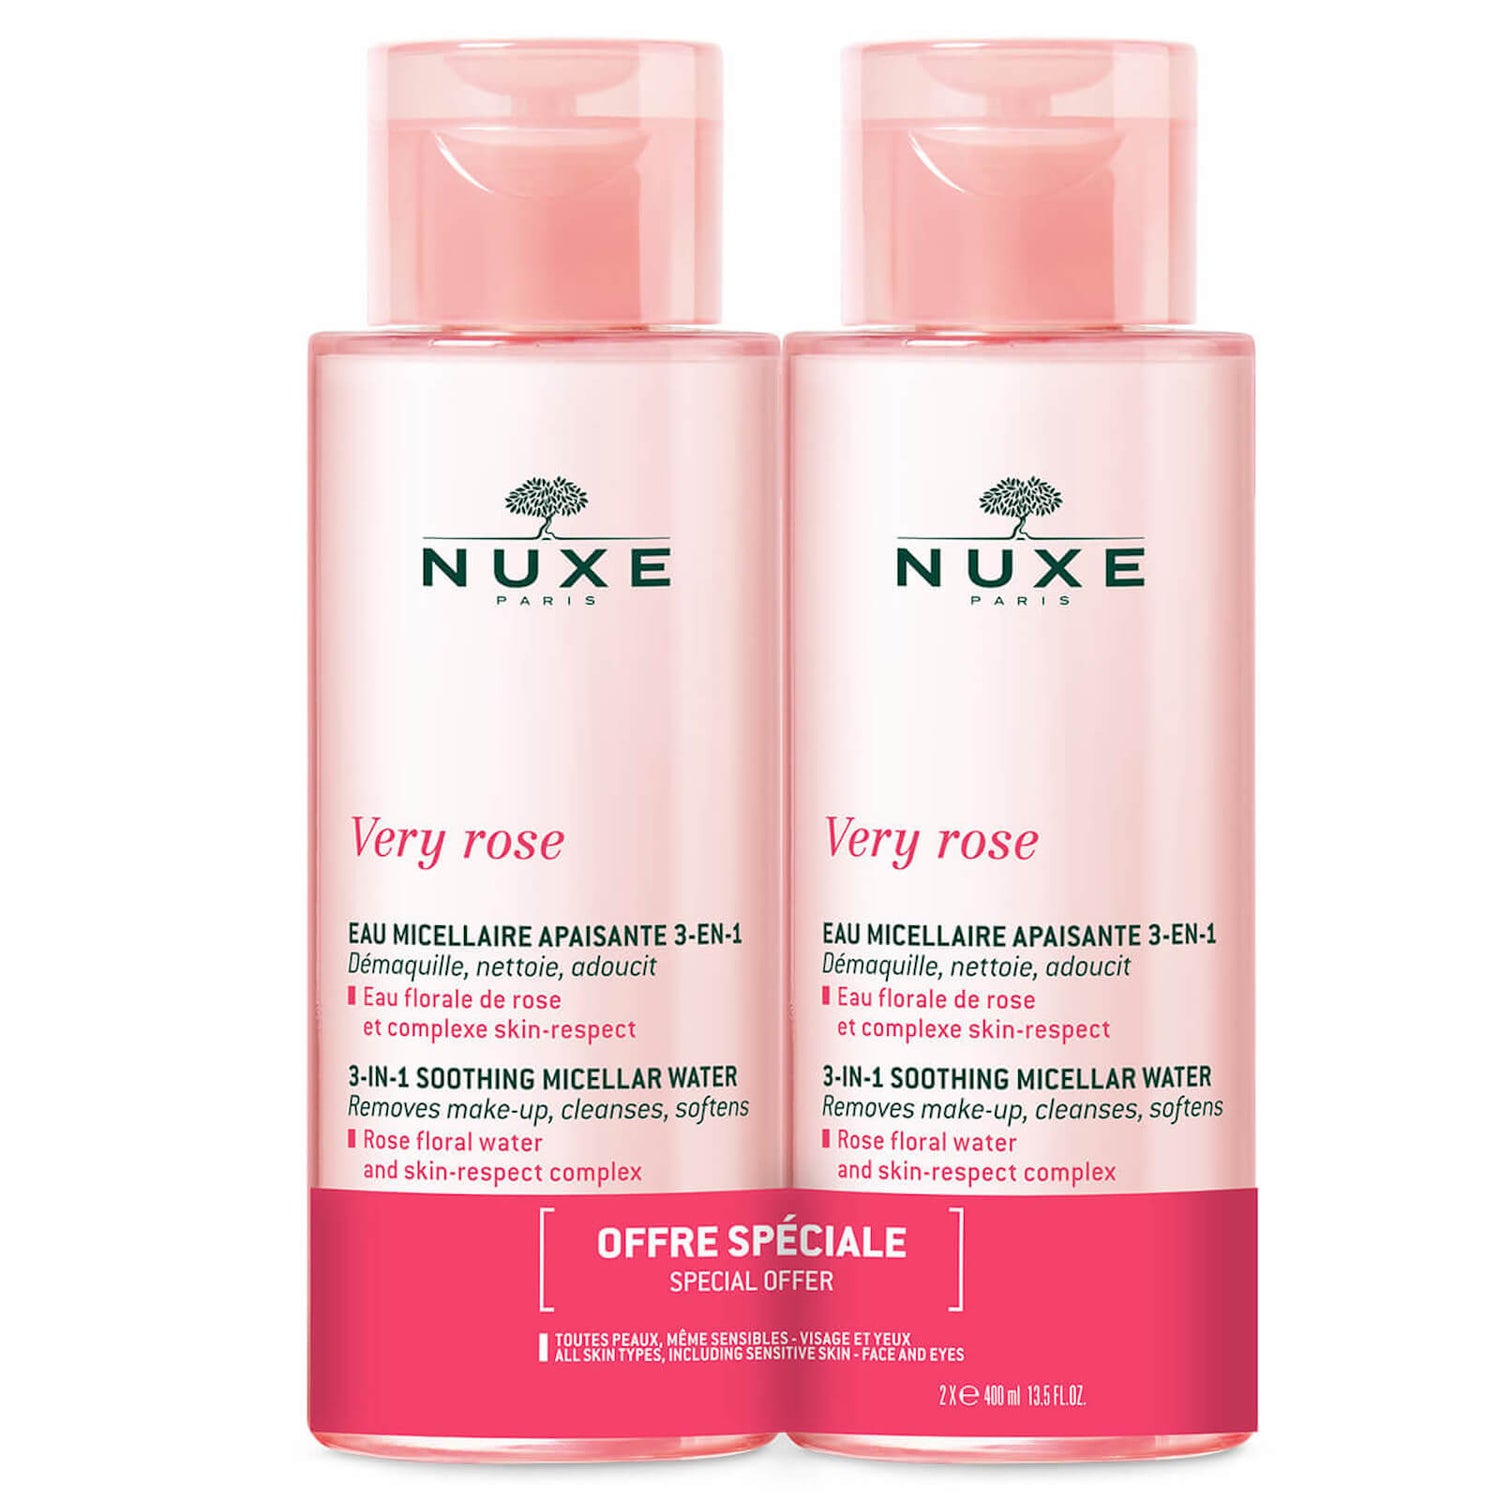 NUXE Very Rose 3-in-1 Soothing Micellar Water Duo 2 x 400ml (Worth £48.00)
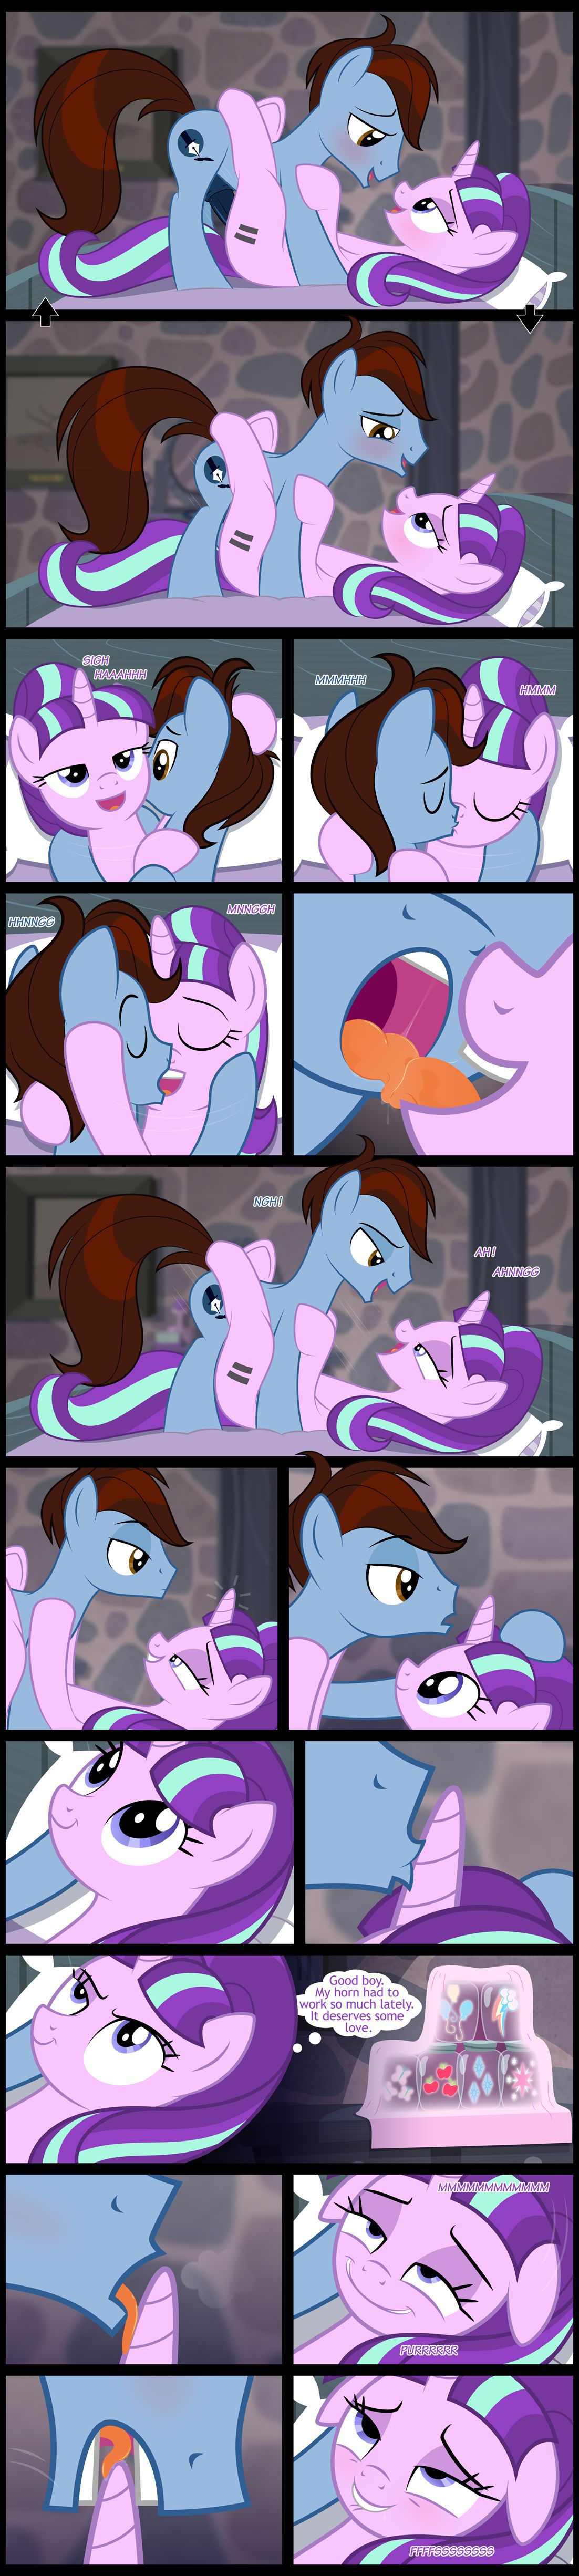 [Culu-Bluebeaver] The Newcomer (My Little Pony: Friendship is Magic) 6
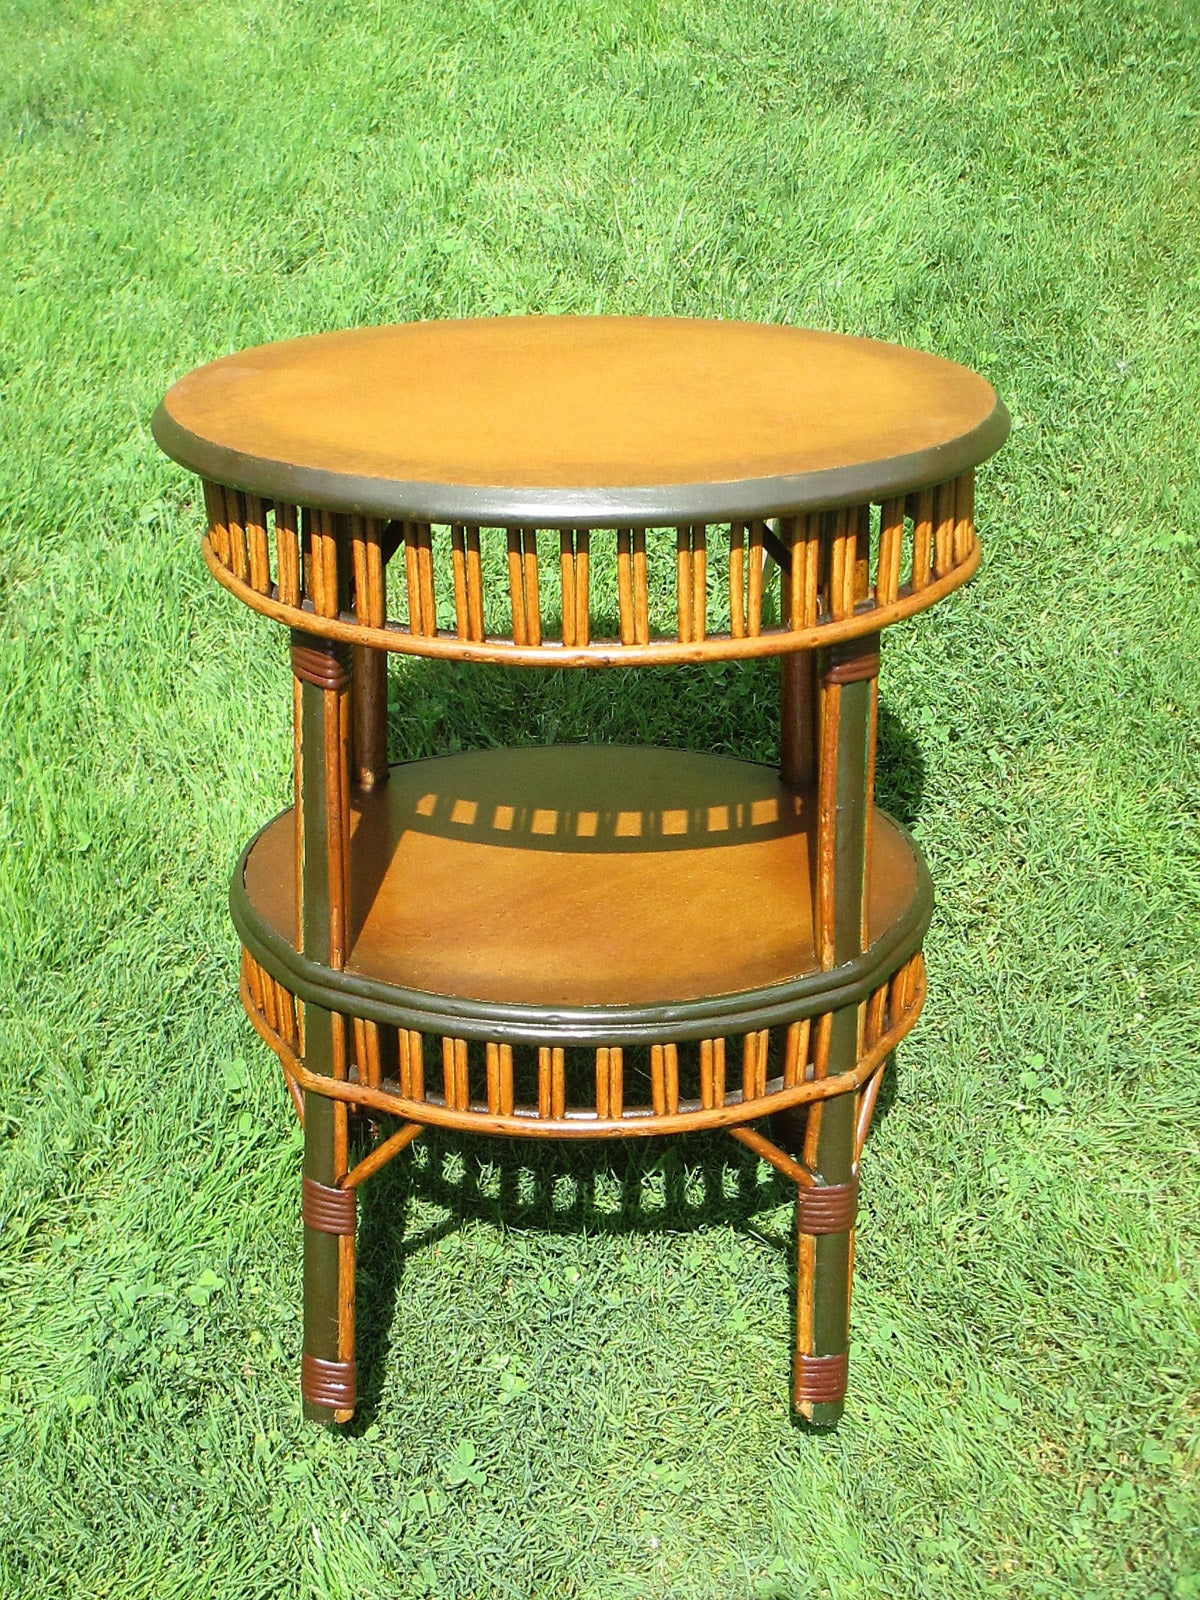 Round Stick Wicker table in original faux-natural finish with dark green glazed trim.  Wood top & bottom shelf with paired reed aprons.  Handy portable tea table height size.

### ACTIVITY
Restate the whole of the material word for word without the pictures.

### PROBLEM SOLUTION
 NUXE Very Rose 3-in-1 Soothing Micellar Water Duo 2 x 400ml (Worth £48.00)
 [Culu-Bluebeaver] The Newcomer (My Little Pony: Friendship is Magic) 6
 Round Stick Wicker table in original faux-natural finish with dark green glazed trim.  Wood top & bottom shelf with paired reed aprons.  Handy portable tea table height size.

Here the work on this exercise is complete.